Uhura beams down with Chapel and a female security force. When the native women try to force them to leave, they stun them with their phasers. When Uhura threatens to destroy their temple, the Taurean women explain how they came to be in their current situation; when their people settled on the planet, the planet weakened them, and the women could only survive by draining the men's remaining energy, causing their deaths. The women are now immortal and unaging, but cannot reproduce, and every 27 years must lure males and drain their life forces to stay alive. At Uhura's urging, the Taurean women help them locate the male landing party, who are drowning in the urn due to a rainstorm. The female landing party frees them using their phasers.

The aging process is stopped with the removal of the headbands, but they cannot find a treatment to restore their original age. Spock comes up with the idea of using their original transporter patterns from when they first beamed down.

Uhura returns to the planet and witnesses the Taurean leader, Theela, destroying the device that had been luring starships, stating that Uhura should tell Kirk she kept her side of the bargain. Uhura informs them that a ship of women will return to bring them to a habitable world and that the women's bodies should return to normal in a few months. Theela is pleased, preferring a life fully lived to a static immortality.

== Production ==
In addition to her normal role as Nurse Chapel, Majel Barrett supplies the voice of Theela, the head of the Taurean women, Nichelle Nichols supplies the voice of security officer Lt. Davison in addition to that of Lt. Uhura, and James Doohan adds the voice of Lt. Carver to his usual role of Chief Engineer Scott. (Doohan also sings part of an old Welsh folk song, "Yr Hufen Melyn" ("The Yellow Cream") as the Enterprise is seen drifting by the planet, in a segment that lasts over half a minute.)

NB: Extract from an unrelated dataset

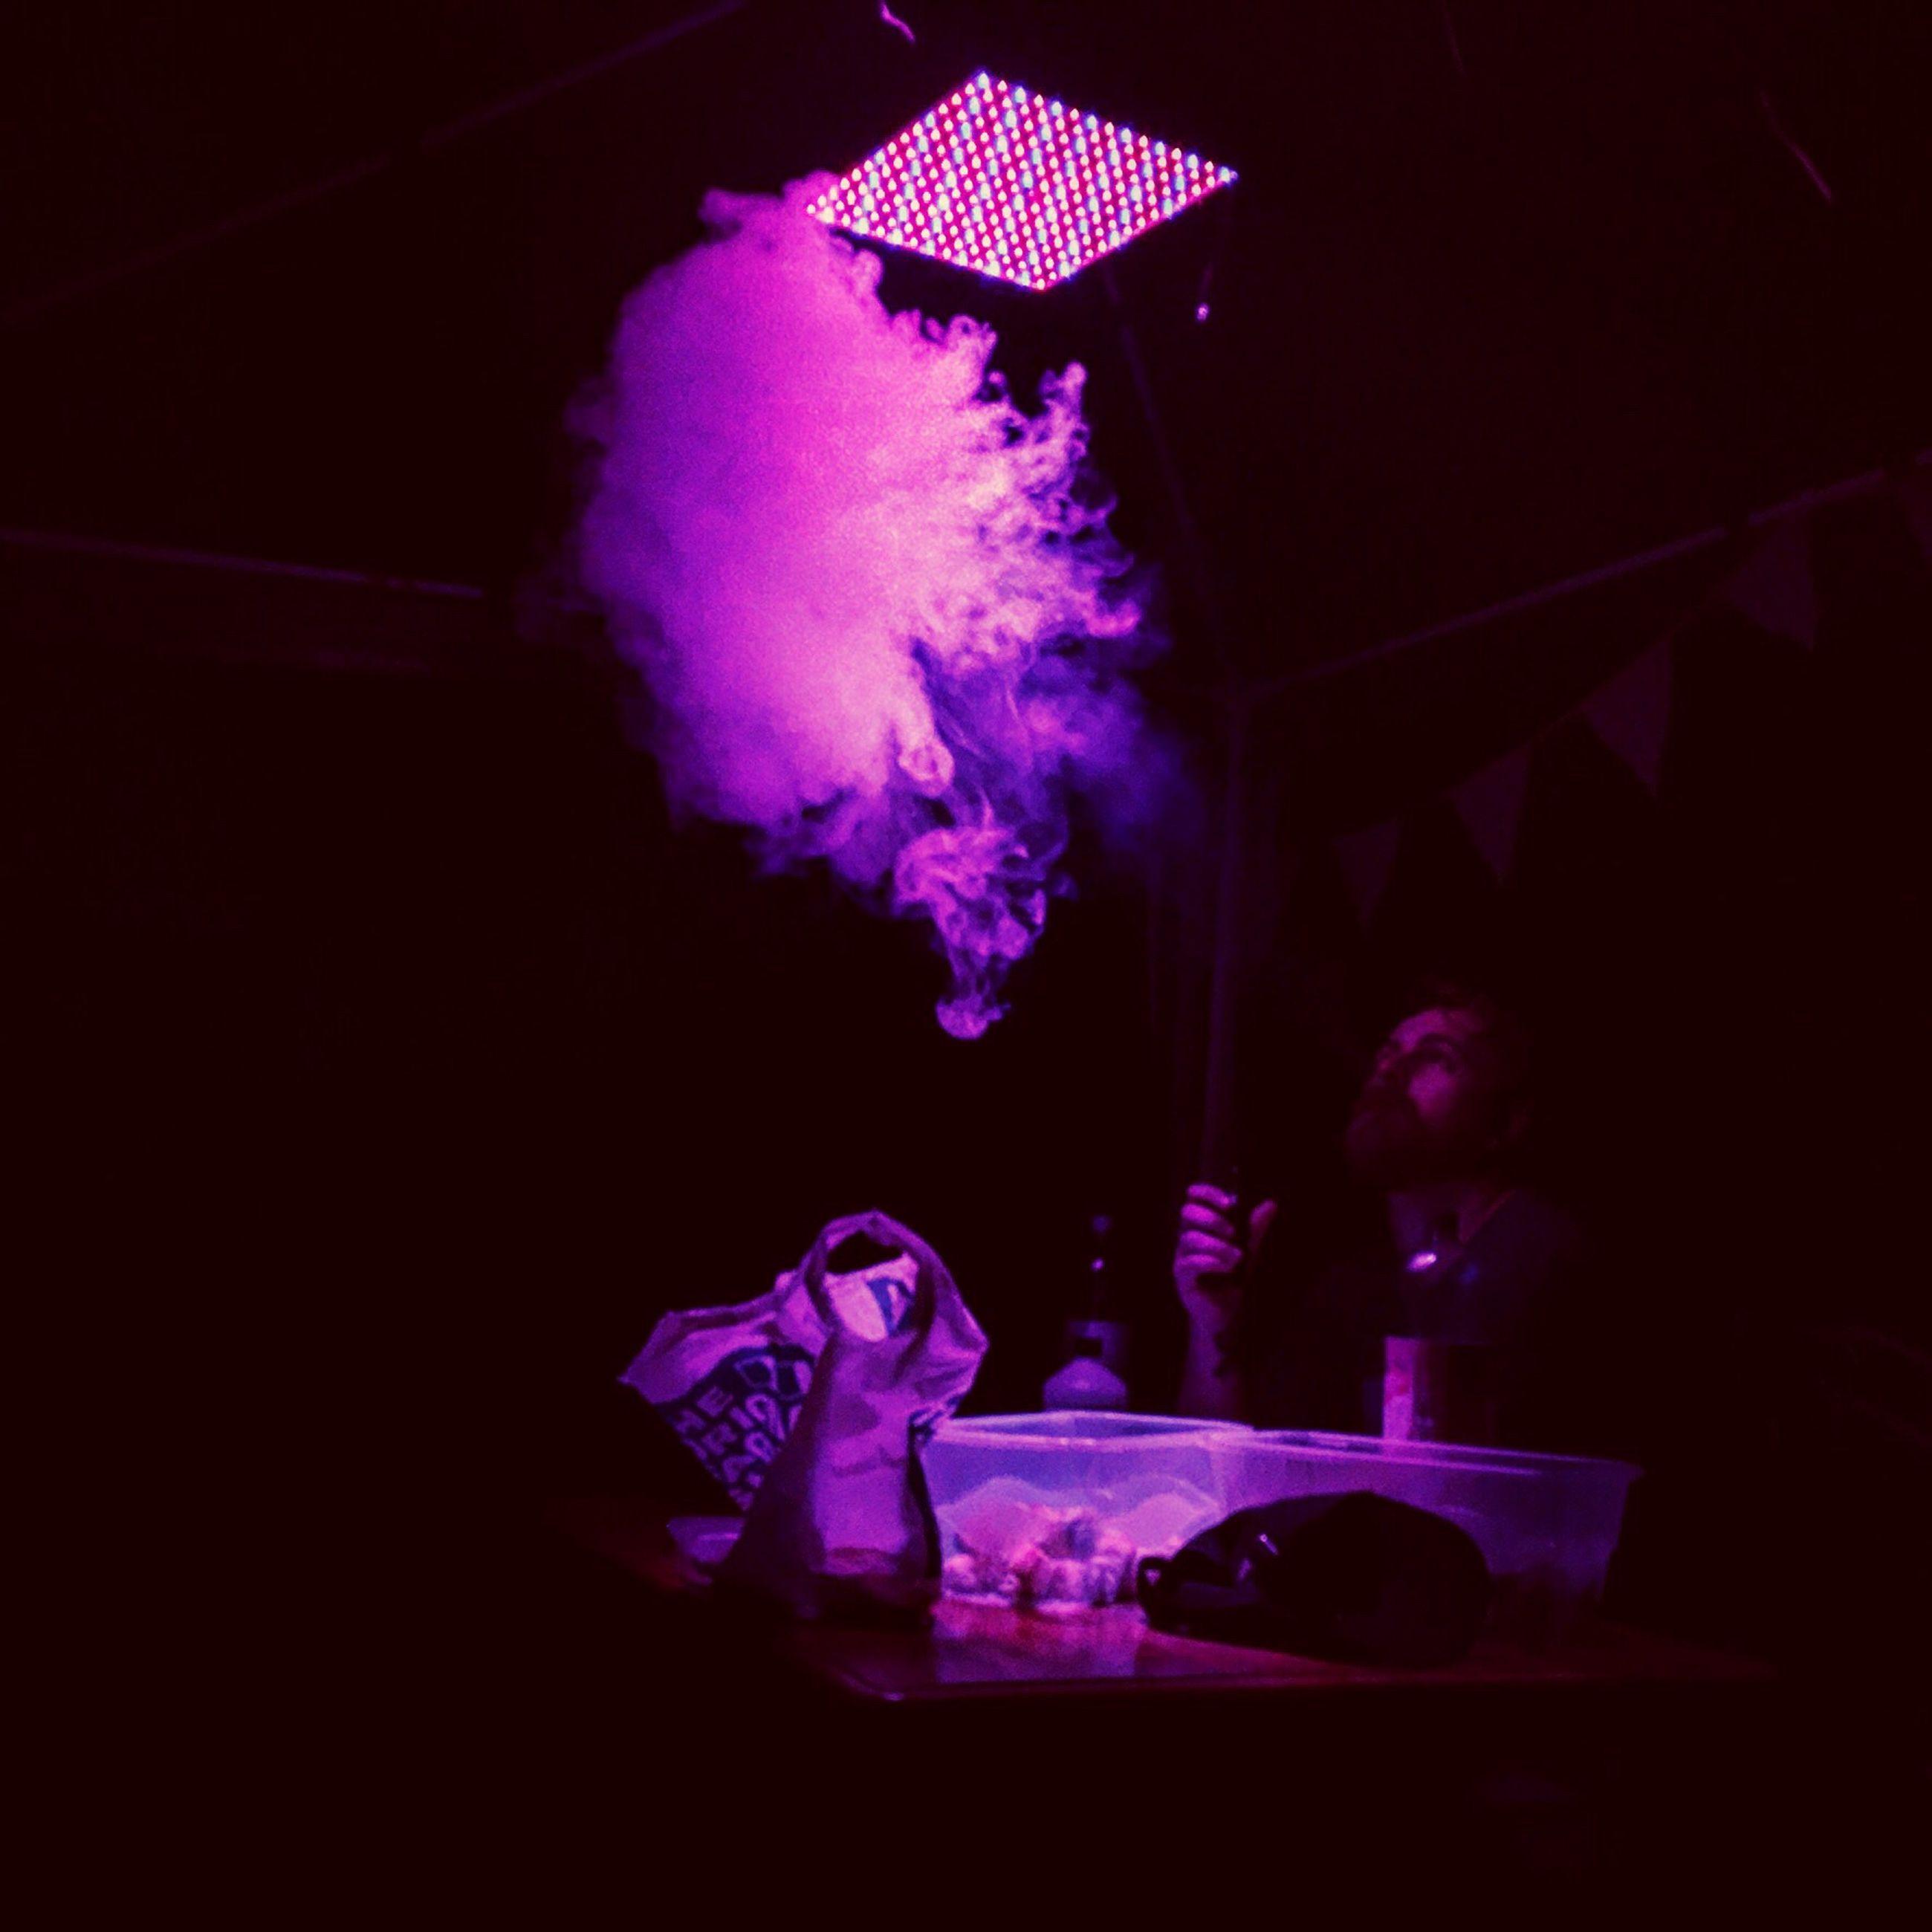 indoors, close-up, pink color, night, dark, electric light, darkroom, freshness

Co-producer Lou Scheimer recounted that during the table read for the episode, "Nichelle [Nichols] yelled happily, 'What you're kidding? I actually get to run the Enterprise? Really?' It broke the whole room up." This is one of three times a woman commands the Enterprise, the other two being in "The Cage" by Number One, and "Turnabout Intruder" by Dr. Janice Lester.

== Reception ==
Den of Geek listed "The Lorelei Signal" as one of the top 25 episodes from a grouping of TOS and TAS together. The Hollywood Reporter rated "The Lorelei Signal" the 91st best episode of all Star Trek episodes, prior to Star Trek: Discovery. SyFy noted this episode as having Uhura's third best scene in Star Trek. A Star Trek binge-watching guide by Den of Geek recommended this episode as part of the "foundations of Star Trek" group.

== See also ==

- "The Deadly Years" - a second season Star Trek: The Original Series episode where command personnel are subjected to rapid aging.
- "Unnatural Selection" - a second season Star Trek: The Next Generation episode where the transporter is used to reverse rapid aging.
- "Rascals" - a sixth season Star Trek: The Next Generation episode where Enterprise personnel must use the transporter to restore their physical parameters to normal.
- "Favorite Son" - a third season Star Trek: Voyager episode where Ensign Kim finds himself compelled to join an all-female alien society where, he discovers, they need to drain his life-energy to survive.
- "Bound" - a fourth season Star Trek: Enterprise episode where Enterprise command staff are compelled to do the bidding of Orion slave women they have brought on board.